Oh, shit, Vivian thought.
"But tell you what, maybe we could kiss and make up," said the tall biker.
"I'd rather kiss a slug," she said, her temper flaring. She regretted her words when she saw his hands ball into fists. His skull ring glittered ominously.
She felt her legs knot with the first stage of the change. Control it, she coached herself. Only enough to put some muscle on. She didn't doubt for a moment that she could take them if she changed fully, but she couldn't do that now, could she? A couple of good strong smacks would change his mind.
"I see you've met my sister." Vivian recognized Gabriel's throaty growl.
The tall biker froze for a second, a look of panic on his face; then he turned. "Hey, Gabe! Your sister, man. Wow. Real pretty girl. I wuz just tellin' her. Yeah. Your sister. Wow."
"Uh, come on, Skull. We got a party to get to," his friend chimed in.
When they turned the corner Gabriel and Rudy burst out laughing.
"I could handle it," Vivian said, annoyed at his amusement.
"I know, baby," he answered, surprising her. "And any other time I would have gladly stood and watched, but Rudy tells me you've got news for me."
"I'll smack him around another time, then," she said.
They walked farther out into the shadowed parking lot. "So, what's the word - little sister?" he asked. She wanted to cut him down for keeping up that sister crap, but the smoldering look in his eyes made her bite back her sarcastic response.
"Astrid led a run along the river last night," she said.
"She did, did she?" His tone was casual but she saw a slight tic in his cheek. "And who was on this run?"
While she listed them he listened with head bowed, stroking the small scar on his lip.
There was silence when she'd finished. She glanced at Rudy, but he was watching Gabriel, a worried look on his face.
Finally Gabriel spoke. "I guess I'll be paying Miss Astrid a little visit," he said softly. He looked up and his pupils caught the glare from a distant streetlight - they glowed red.
What have I started? Vivian thought.
Chapter 12
12
Vivian dumped her shopping bag of new paints at the base of the stairs. It fell over, and an economy-sized tube of burnt umber, fat as a sausage, rolled out and rocked gently on the hardwood floor at the edge of the hall rug. The house was so quiet that the muted rumble of the tube's brief passage echoed in her ears. Where's Esmé? Vivian wondered. Monday was her day off, but no music blared through the house, and no smell of dinner wafted through the air.
Vivian's answer came when she walked into the living room and was startled to find her mother sitting on the floor surrounded by photographs, more tumbling out of an upturned shoe box beside her.
Esmé looked up with tears in her eyes. "I couldn't remember his face," she said.
Vivian sank to the floor beside Esmé, her mouth tense with worry. There were pictures of her father spread all over the rug: Dad laughing, Dad chopping wood, Dad in the kitchen at the inn, making sauce.
"I tried so hard to forget him so losing him wouldn't hurt anymore," Esmé said, "and then today I thought of him and couldn't see him. It was like I'd torn away a part of me and crippled myself. Like I'd looked into a mirror and couldn't see my reflection." The tears rolled down her cheeks.
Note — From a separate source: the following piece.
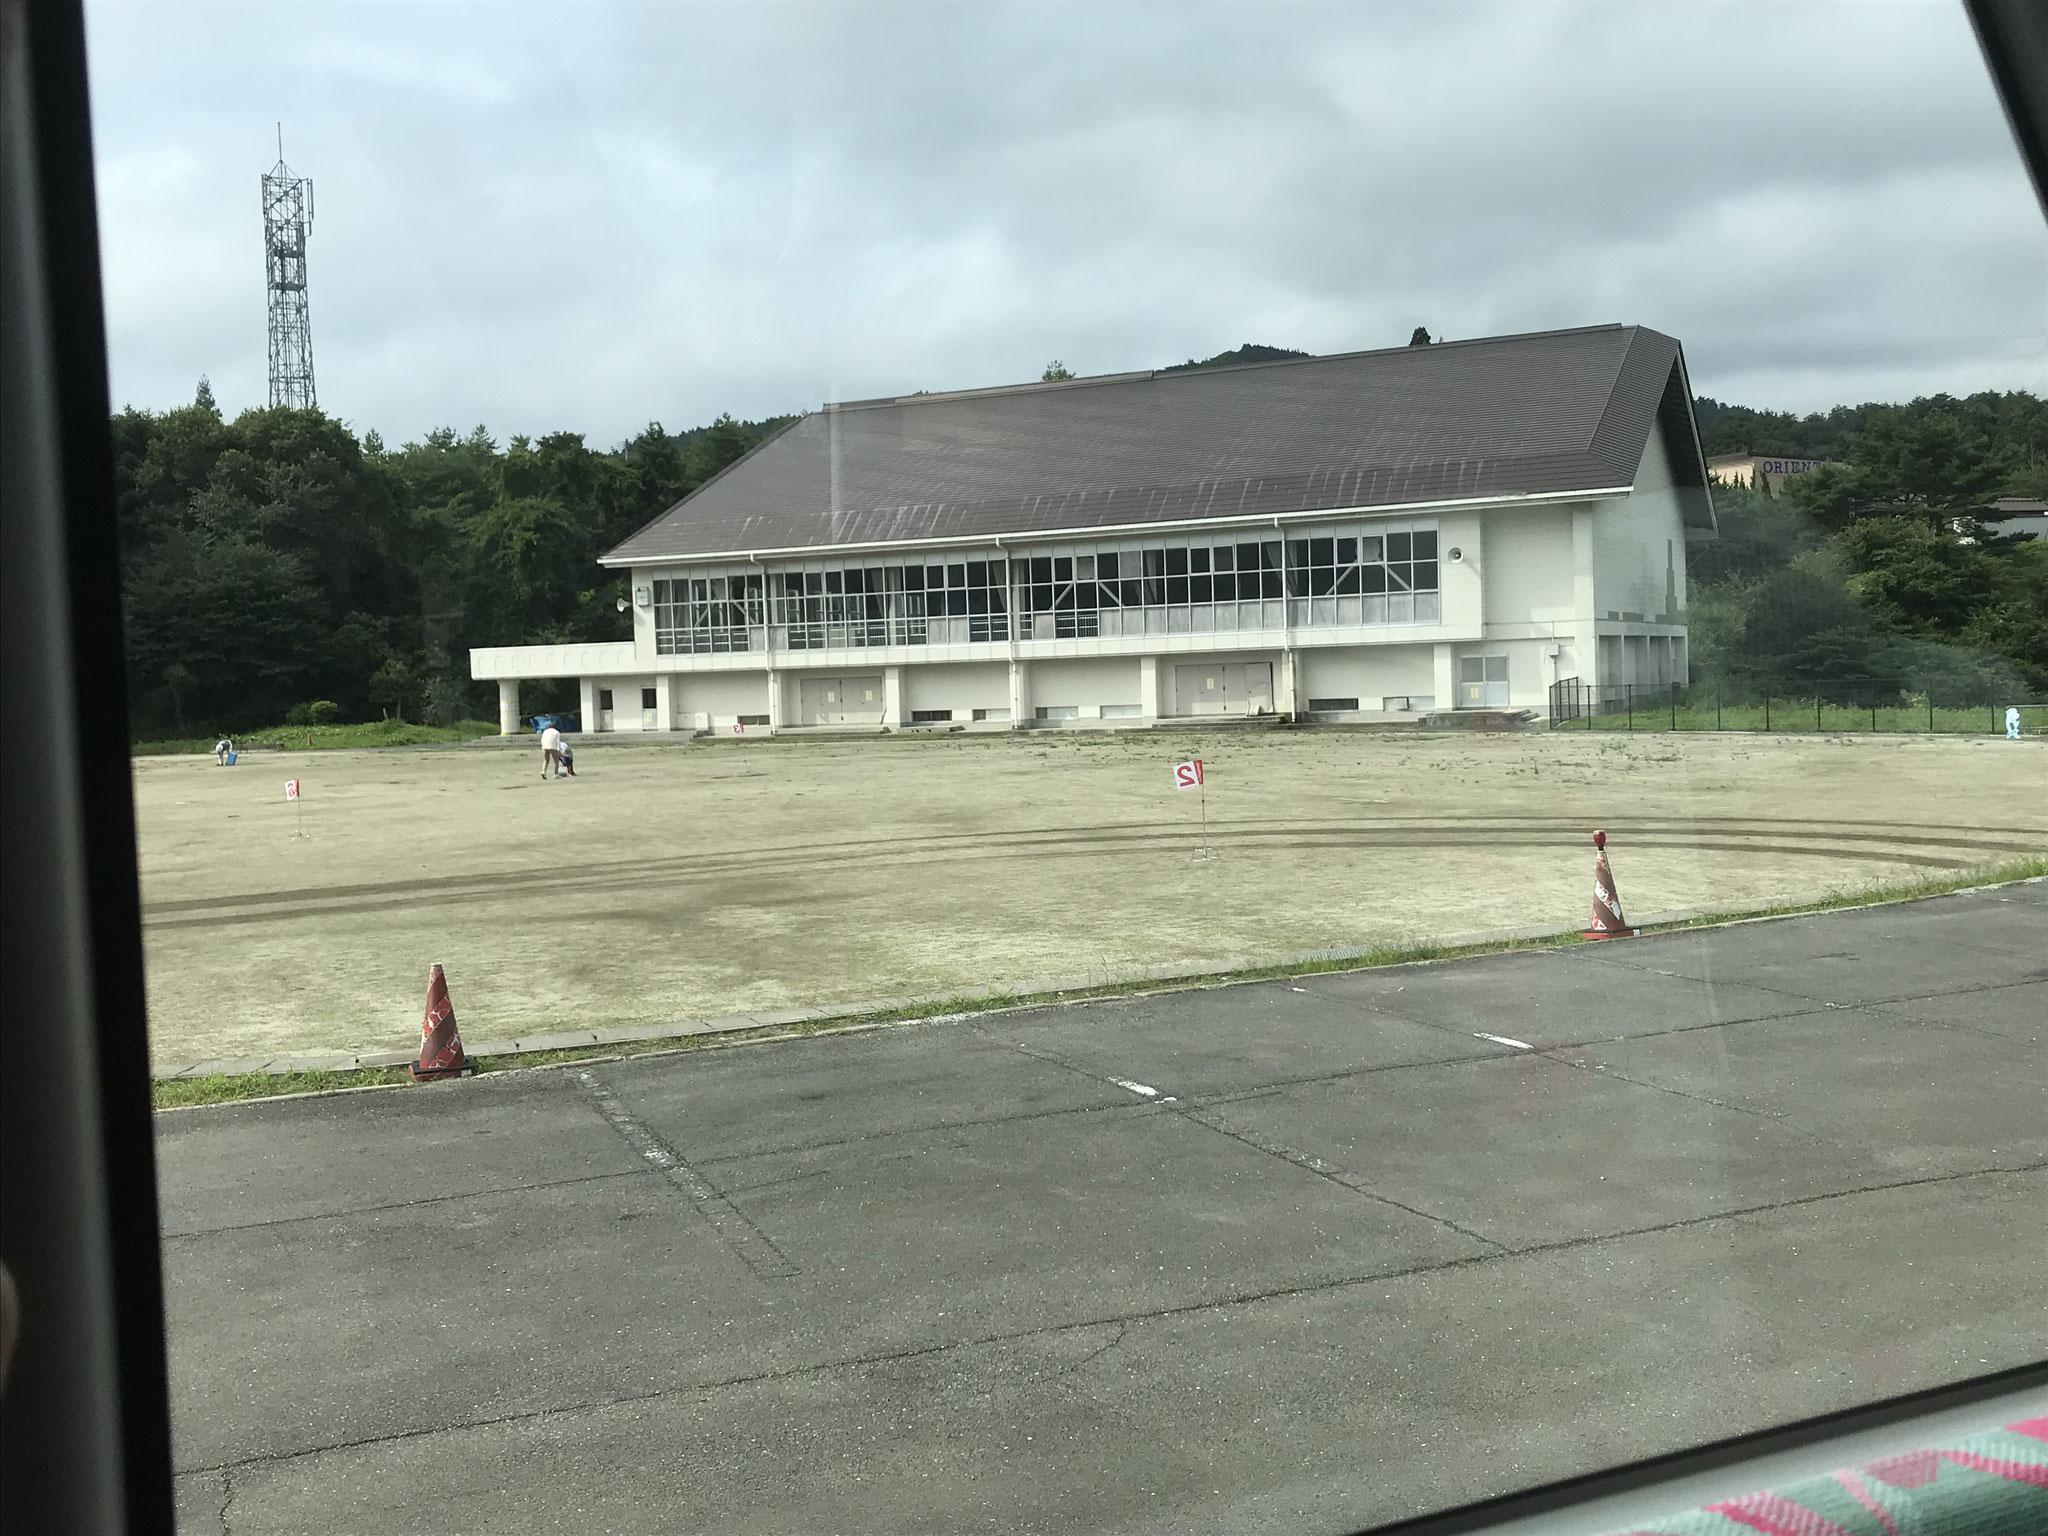 戸村中学校の体育館。高台に建っています

Vivian ached to see her mother this upset. She didn't know what was worse, the hard glittering jewel her mother had become this year, or the heartbroken woman beside her now. She couldn't think of anything to say. Instead she picked up a picture of herself at age three, in OshKosh overalls and nothing else, at her father's side as he weeded in the herb garden. She'd been "helping" him, and she could still hear in her mind his patient voice saying, "No honey, not that one." He'd had to say it over and over.
"Dad would have straightened everything out, wouldn't he?" Vivian said. "We wouldn't be in such a mess if he was around."
Esmé shook her head. "I don't know."
Shock cut through Vivian like a sharp little knife. "Sure he would. He'd know how to keep Astrid in line. He'd stop anything bad happening."
"But he didn't, did he?" Esmé said. "The inn burned. People died. If he'd lived, he'd be challenged as unfit."